Department of Otolaryngology, Head and Neck Surgery, Queen Elizabeth University Hospital, Glasgow, UK.
Glasgow University Medical School, University of Glasgow, Scotland, UK.
J Laryngol Otol. 2023 Sep;137(9):992-996. doi: 10.1017/S0022215123000804. Epub 2023 May 17.
Peritonsillar abscess is a localised infection in the peritonsillar space. Pus from the abscess can contain anaerobes. Many clinicians prescribe metronidazole in addition to penicillin, but evidence to support this is limited. This review assessed the evidence of benefit of metronidazole for the treatment of peritonsillar abscess.
A systematic review was conducted of the literature and databases including Ovid Medline, Ovid Embase, PubMed and Cochrane library. Search terms included all variations of peritonsillar abscess, penicillin and metronidazole.

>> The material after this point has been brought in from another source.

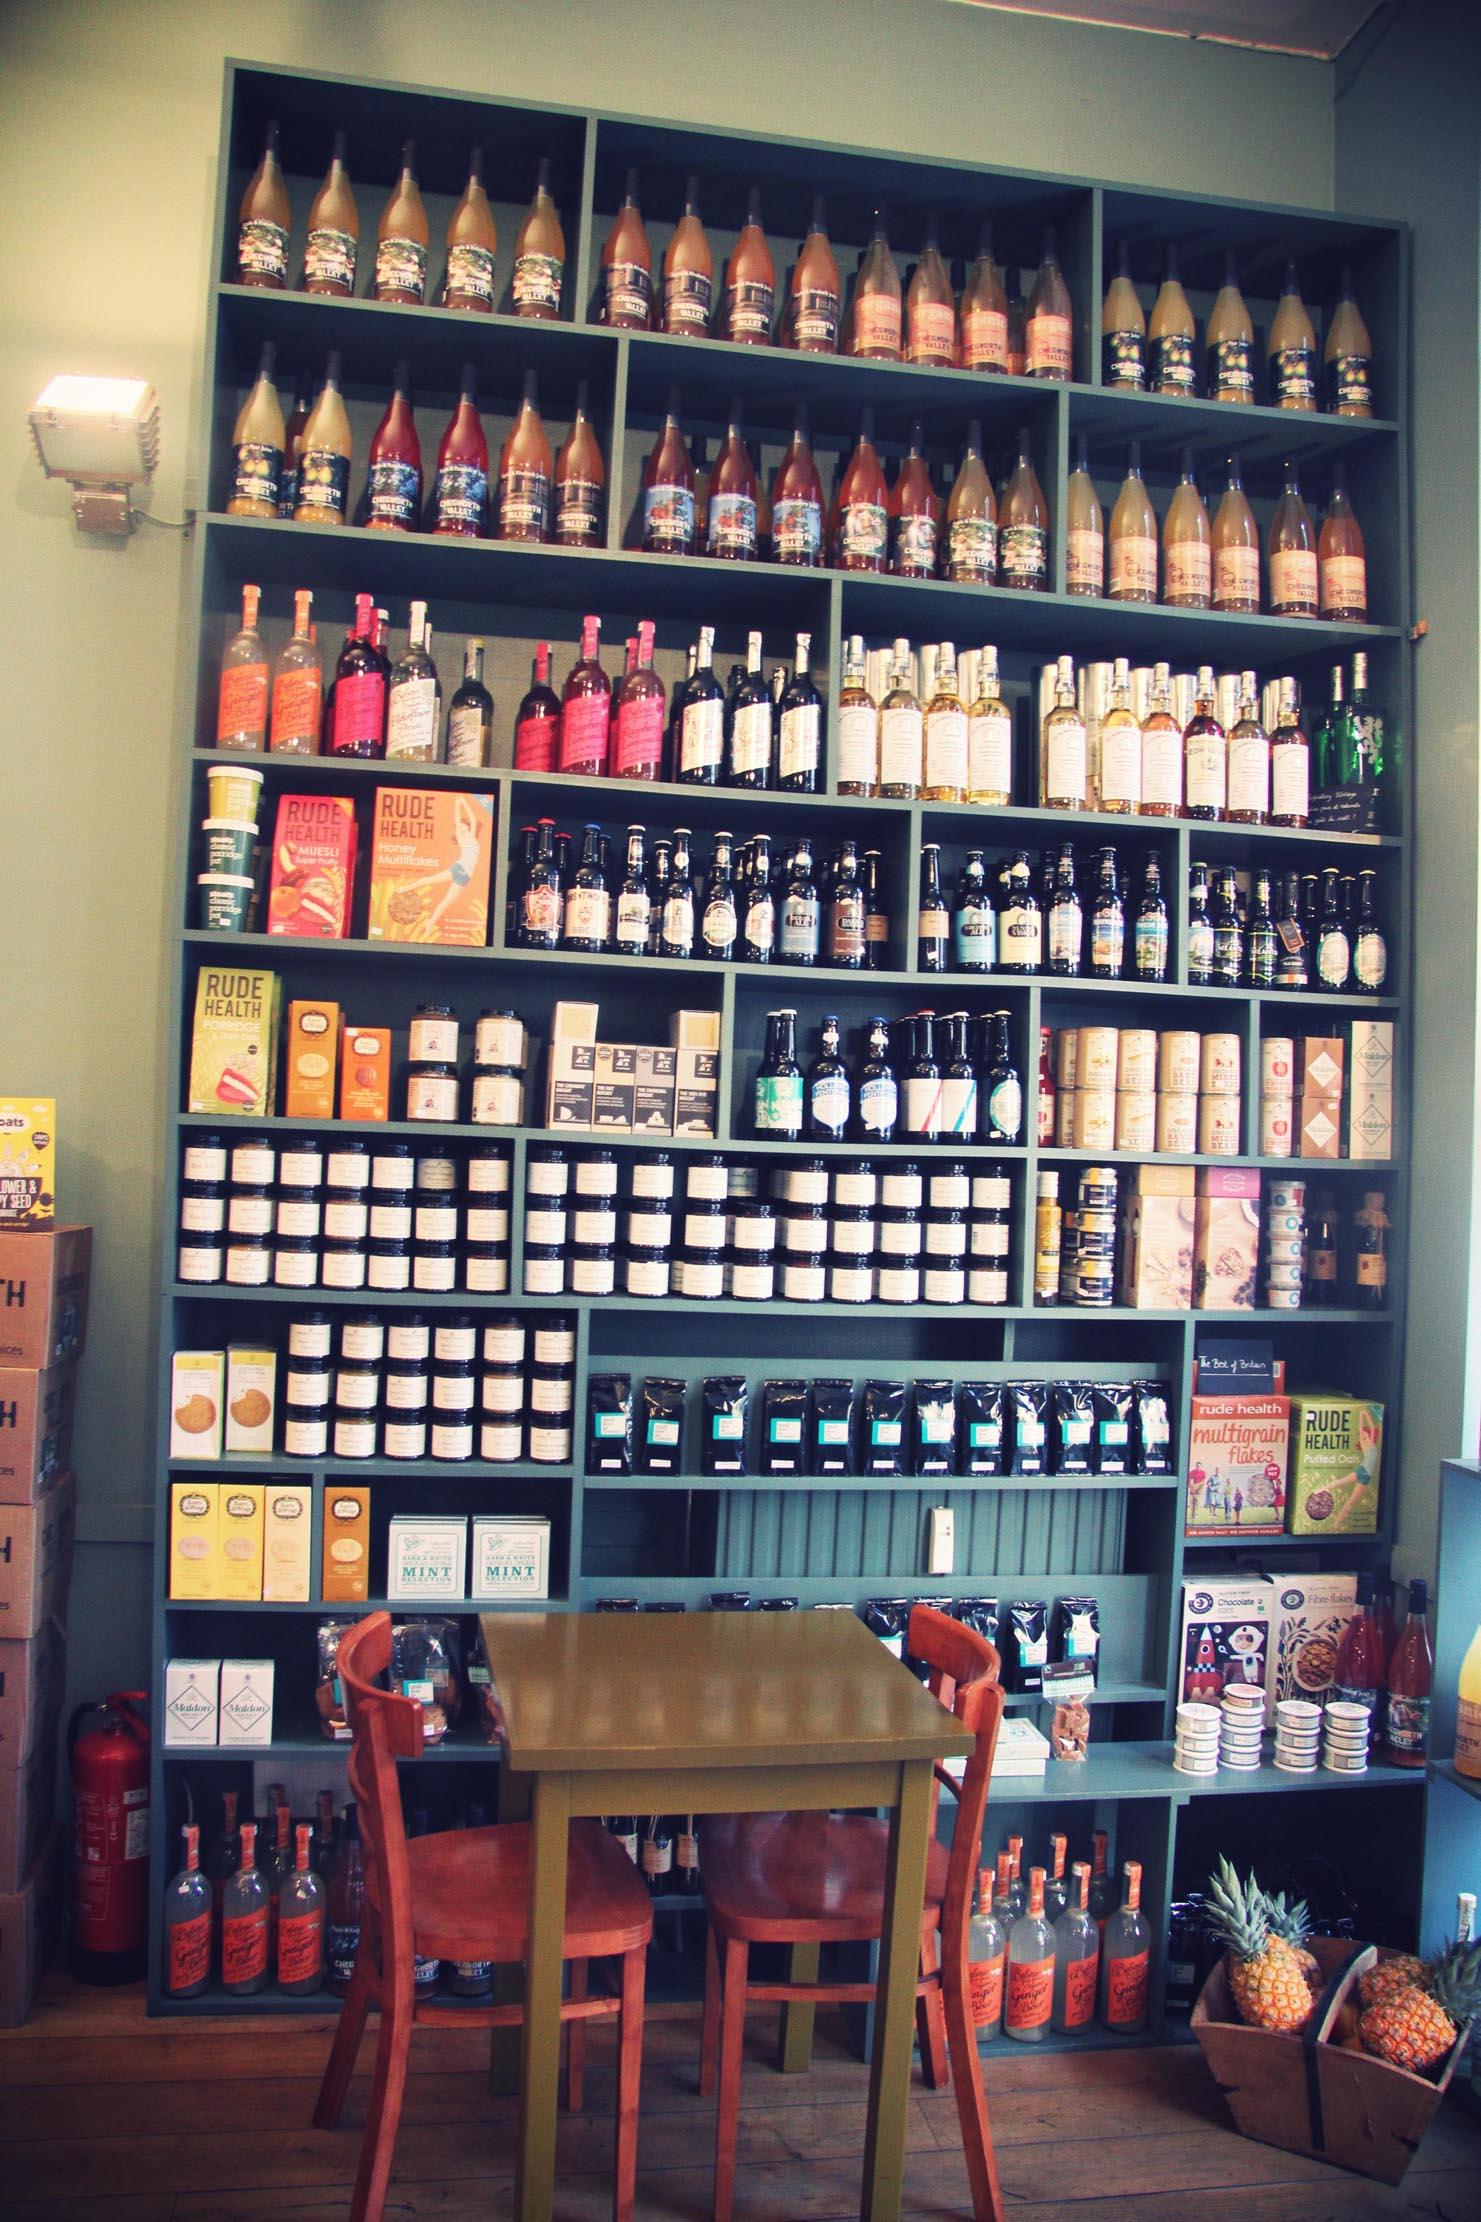 God Save The Cream, à Bruxelles - TravelGuide - www.theflyingflour.com

Three randomised, control trials were included. All studies assessed the clinical outcomes after treatment for peritonsillar abscess, including recurrence rate, length of hospital stay and symptom improvement. There was no evidence to suggest additional benefit with metronidazole, with studies suggesting increased side effects.
Evidence does not support the addition of metronidazole in first-line management of peritonsillar abscess. Further trials to establish optimum dose and duration schedules of oral phenoxymethylpenicillin would benefit clinical practice.
扁桃体周脓肿是扁桃体周围间隙的局部感染。脓肿中的脓液可能含有厌氧菌。许多临床医生除了开青霉素外还会开甲硝唑,但支持这种做法的证据有限。本综述评估了甲硝唑治疗扁桃体周脓肿的益处证据。
对文献和数据库进行了系统综述,包括 Ovid Medline、Ovid Embase、PubMed 和 Cochrane 图书馆。搜索词包括扁桃体周脓肿、青霉素和甲硝唑的所有变体。
纳入了三项随机对照试验。所有研究均评估了扁桃体周脓肿治疗后的临床结局,包括复发率、住院时间和症状改善。没有证据表明甲硝唑有额外的益处,研究表明甲硝唑有更多的副作用。
证据不支持在扁桃体周脓肿的一线治疗中添加甲硝唑。进一步的试验将有助于确定口服苯氧甲基青霉素的最佳剂量和疗程,从而使临床实践受益。